新开一个命令行执行类似如下命令，containerid替换成faster-whispter-demo对应的容器id，将宿主机中要语音识别的mp3文件复制到容器中

docker cp mp3 containerid:/home/dl/faster-whisper/mp3

将下面的代码拷贝到二-》4中的notebook中，执行一下，会生成srt，docx和txt文件。有一个问题还没有解决，标点符号修改和分段。这个后期再研究

import math
from docx import Document
import pysubs2
from dataclasses import dataclass
import os

@dataclass
class DownloadInfo:
    base_url: str
    max_episod: int
    save_dir: str
#zhuan_2022 = DownloadInfo('https://www.xxxxxxx.com/video/BV1ct4y1871B',99,'专/2022-专')
#shiwu_2022 = DownloadInfo('https://www.xxxxxxx.com/video/BV1ET411375o',93,'专/2022-实')
#xiangguan_2022 = DownloadInfo('https://www.xxxxxxx.com/video/BV1pZ4y1e77d',84,'专/2022-相')
#fachongci_2022 = DownloadInfo('https://www.xxxxxxx.com/video/BV1E8411W7JD',50,'专/2022-法冲刺')
shiwu_2023 = DownloadInfo('https://www.xxxxxxx.com/video/BV1Kc411L7dQ',1,'mp3')
current_down = shiwu_2023
base_dir = '/home/dl/faster-whisper/'
for audio_i in range(1,current_down.max_episod+1):
    audio= os.path.join(base_dir,current_down.save_dir,"{}.mp3".format(audio_i))
    print(audio)
    segments, info = model.transcribe(audio, beam_size=5)
    srt_path = os.path.join(base_dir,current_down.save_dir,"{}.srt".format(audio_i))
    doc_path = os.path.join(base_dir,current_down.save_dir,"{}.docx".format(audio_i))
    txt_path = os.path.join(base_dir,current_down.save_dir,"{}.txt".format(audio_i))
    print("Detected language '%s' with probability %f" % (info.language, info.language_probability))
    with open(srt_path,'w') as f:
        for segment in segments:
            sentence_timestamp = []
            for p_time in [segment.start, segment.end]:
                m,s = divmod(p_time, 60)
                h,m = divmod(m, 60)
                ms, s = math.modf(s)
                sentence_timestamp.append((int(h), int(m), int(s), int(ms * 1000)))
            line = '{}\n{:0>2d}:{:0>2d}:{:0>2d},{:0>3d} --> {:0>2d}:{:0>2d}:{:0>2d},{:0>3d}\n{}\n\n'.format(
                    segment.id,sentence_timestamp[0][0],sentence_timestamp[0][1],sentence_timestamp[0][2],sentence_timestamp[0][3],sentence_timestamp[1][0],sentence_timestamp[1][1],sentence_timestamp[1][2],sentence_timestamp[1][3],segment.text)
#             print(line)
            f.write(line)
            # print("[%.2fs -> %.2fs] %s" % (segment.start, segment.end, segment.text))

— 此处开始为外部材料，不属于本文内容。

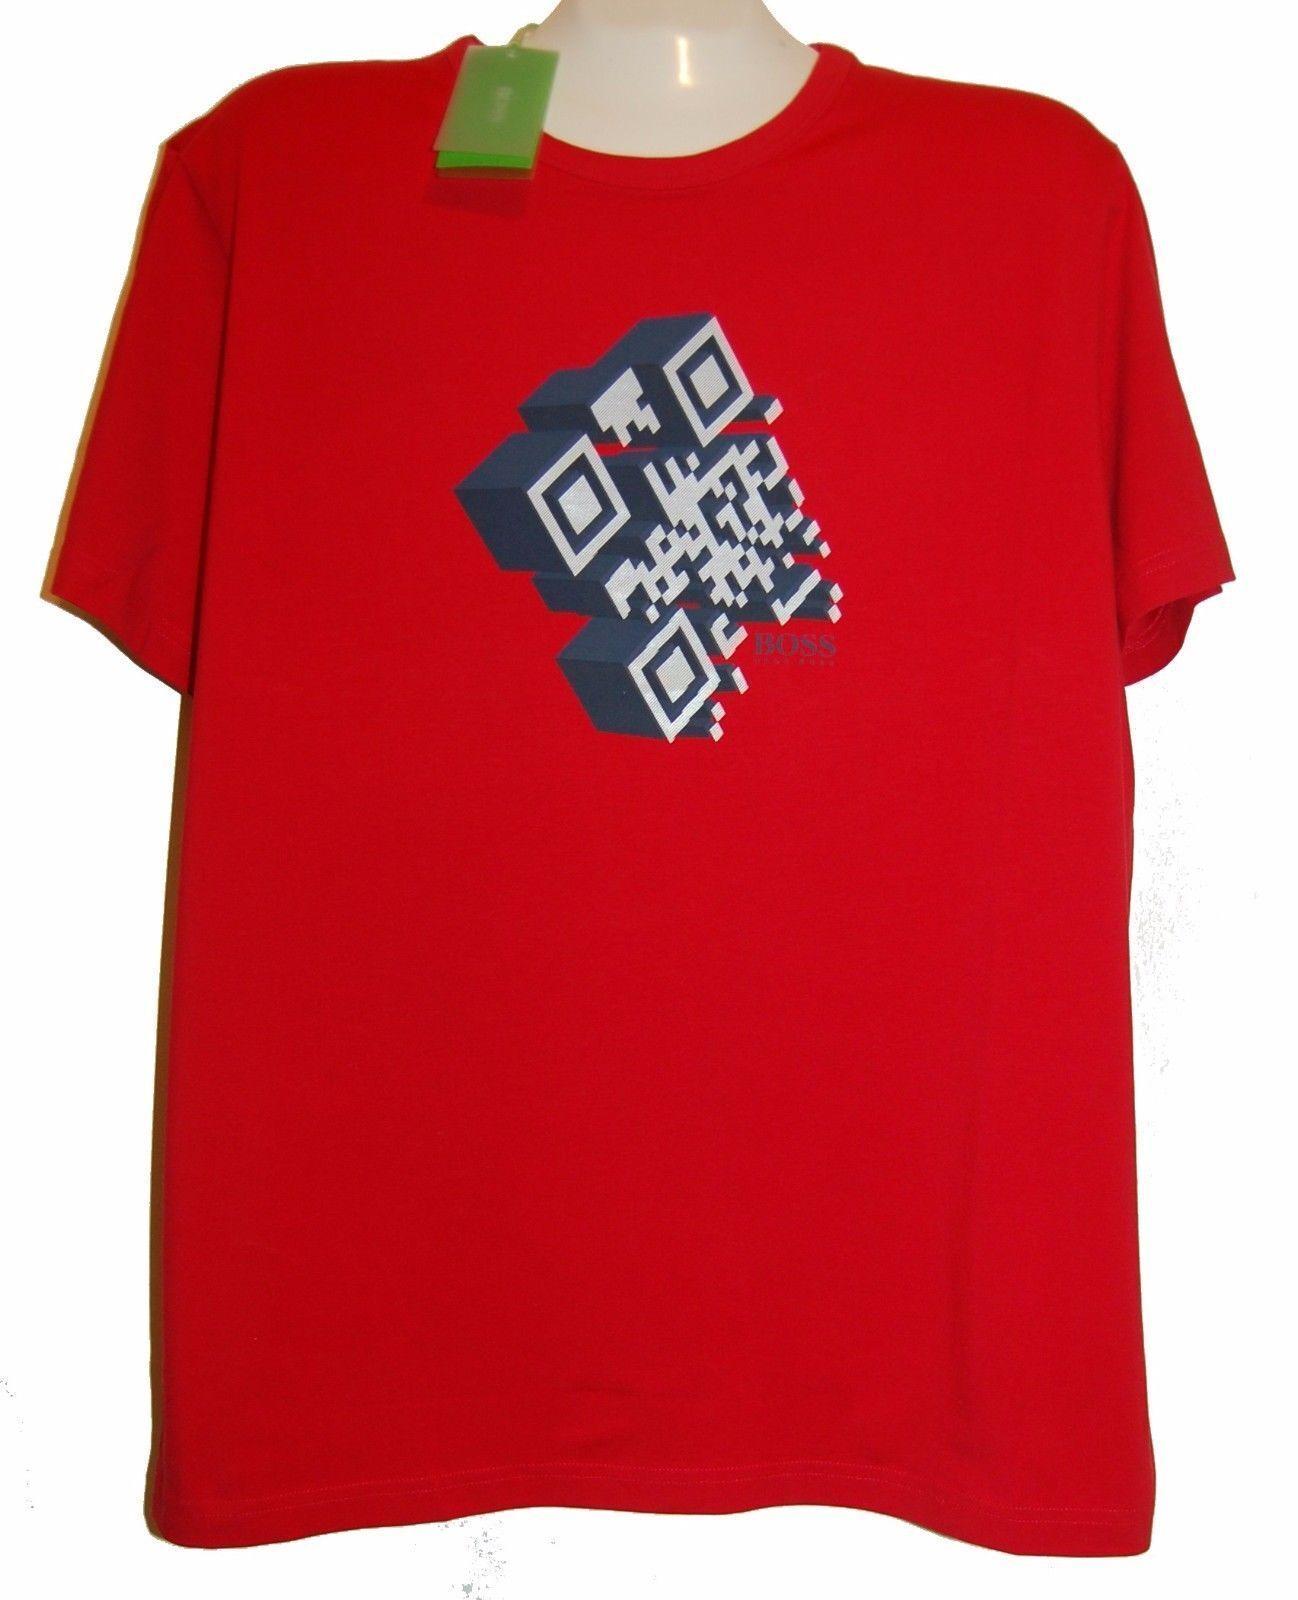 Hugo Boss Red Graphic Logo Design Cotton Men's T- Shirt Sz 2XL NEW Green Label

    doc_zhuan = Document()    
    subtitles = pysubs2.load(srt_path)

    save_text = ''
    for sub in subtitles:
        sub_text = sub.text
        if sub_text.find(',') == -1:
            sub_text = sub.text+','
        save_text = save_text + sub_text
#     print(save_text)

    doc_zhuan.add_paragraph(save_text)
    doc_zhuan.save(doc_path)
    
    with open(txt_path,'w') as f_txt:
        f_txt.write(save_text)